Artist, Writer, Academic
  • New & Major Works
  • Reflections on COVID
  • Place Based Works
  • Textile Works
  • Writing
  • About

The Cremation Project

In the context of the Black Saturday bushfires, surrounded by the inconceivable loss of life and property, my family was lucky. My mother was safe and the house of my childhood, built by my parents, remained totally intact, despite the fact that it was directly in the line of the fires, and every single leaf on its surrounding 100 acres of bush was incinerated.

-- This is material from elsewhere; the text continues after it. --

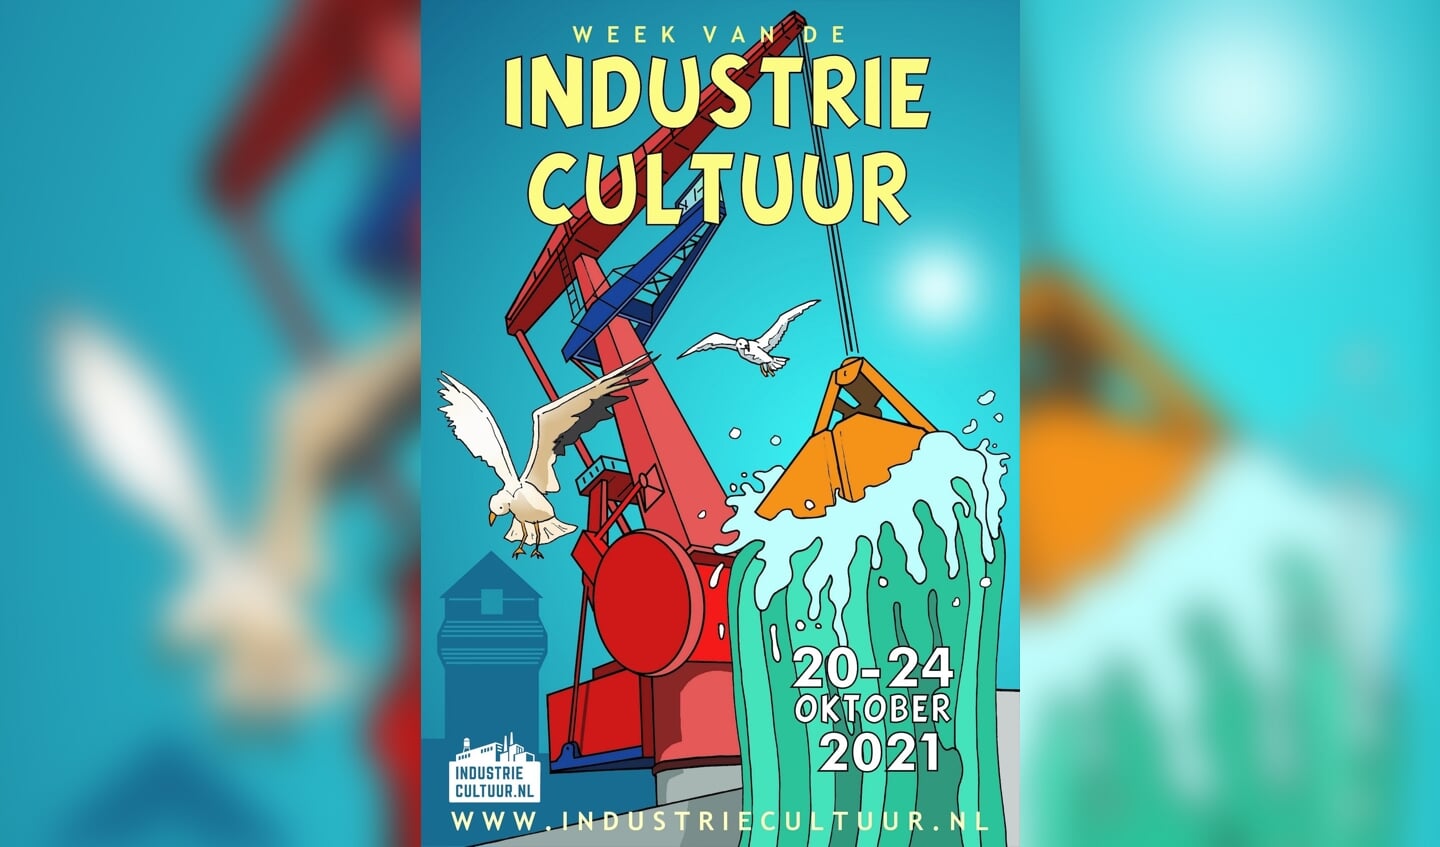  Illustrator Eric Coolen maakte deze poster voor de Week van de Industriecultuur met een heldere knipoog naar de 'klare lijn' van Kuifje tekenaar Hergé. 
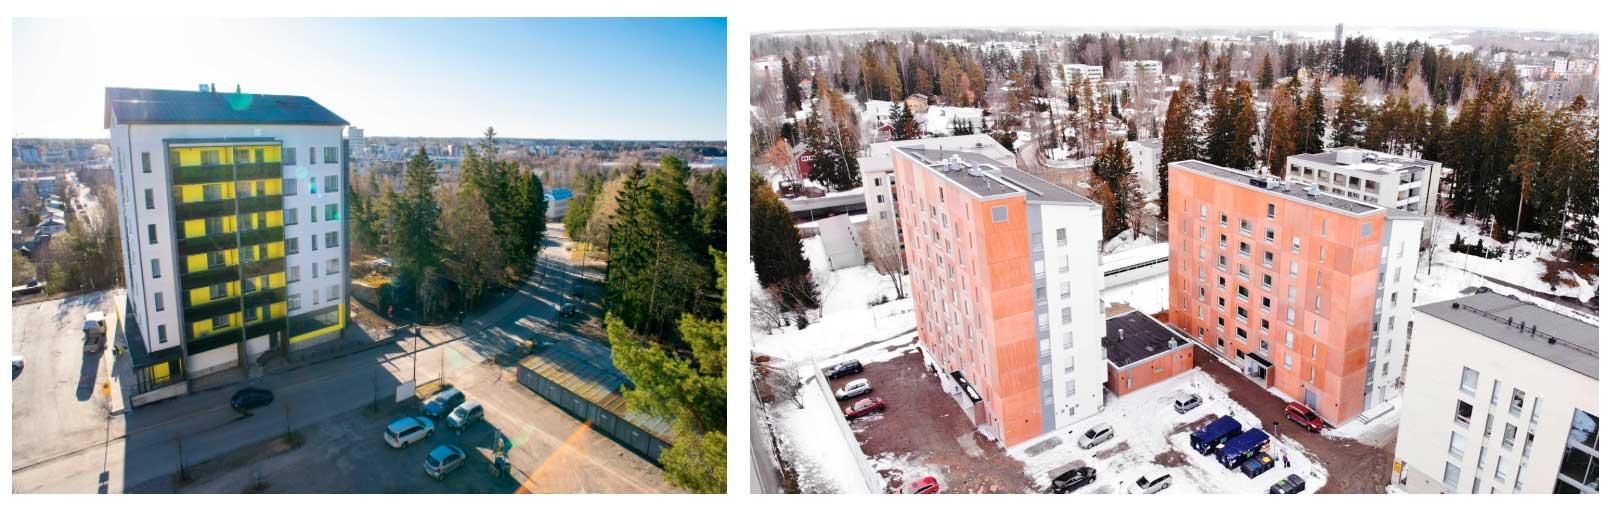 Boostin Milestone-ratkaisulla valmistuneet kohteet Järvenpäässä tarjoavat nykyaikaista ja kohtuuhintaista asumista.

However, what we did loose was a staggering amount of fauna and the last of the buildings my father constructed before his death in 2005 - the Pavilion.

The Pavilion, with its high pitched roof was my fathers ‘piece de resistance’, it was the project he was most proud of and the one we associated most with him. The Pavilion was home to his mountain bike, hiking and mountain climbing gear, and gym. It was full of everything that represented his love for the Australian landscape and his passion for physical achievement.

The Pavilion was also where I stored those items too large for my share house. Where I stored almost every piece of art I created throughout high school and university. It was therefore not just a museum to my father but also a museum to the foundation of my artistic career.

This box holds some of the ashes from the rubble of the Pavilion – the sum total of my high school and undergraduate portfolio.

Originally exhibited at Federation Square as part of Emergence, 2010 and re-exhibited at No No Gallery, North Melbourne 2011. Photograph of the artist standing in front of the burnt Pavilion by Kate McCracken, 2009.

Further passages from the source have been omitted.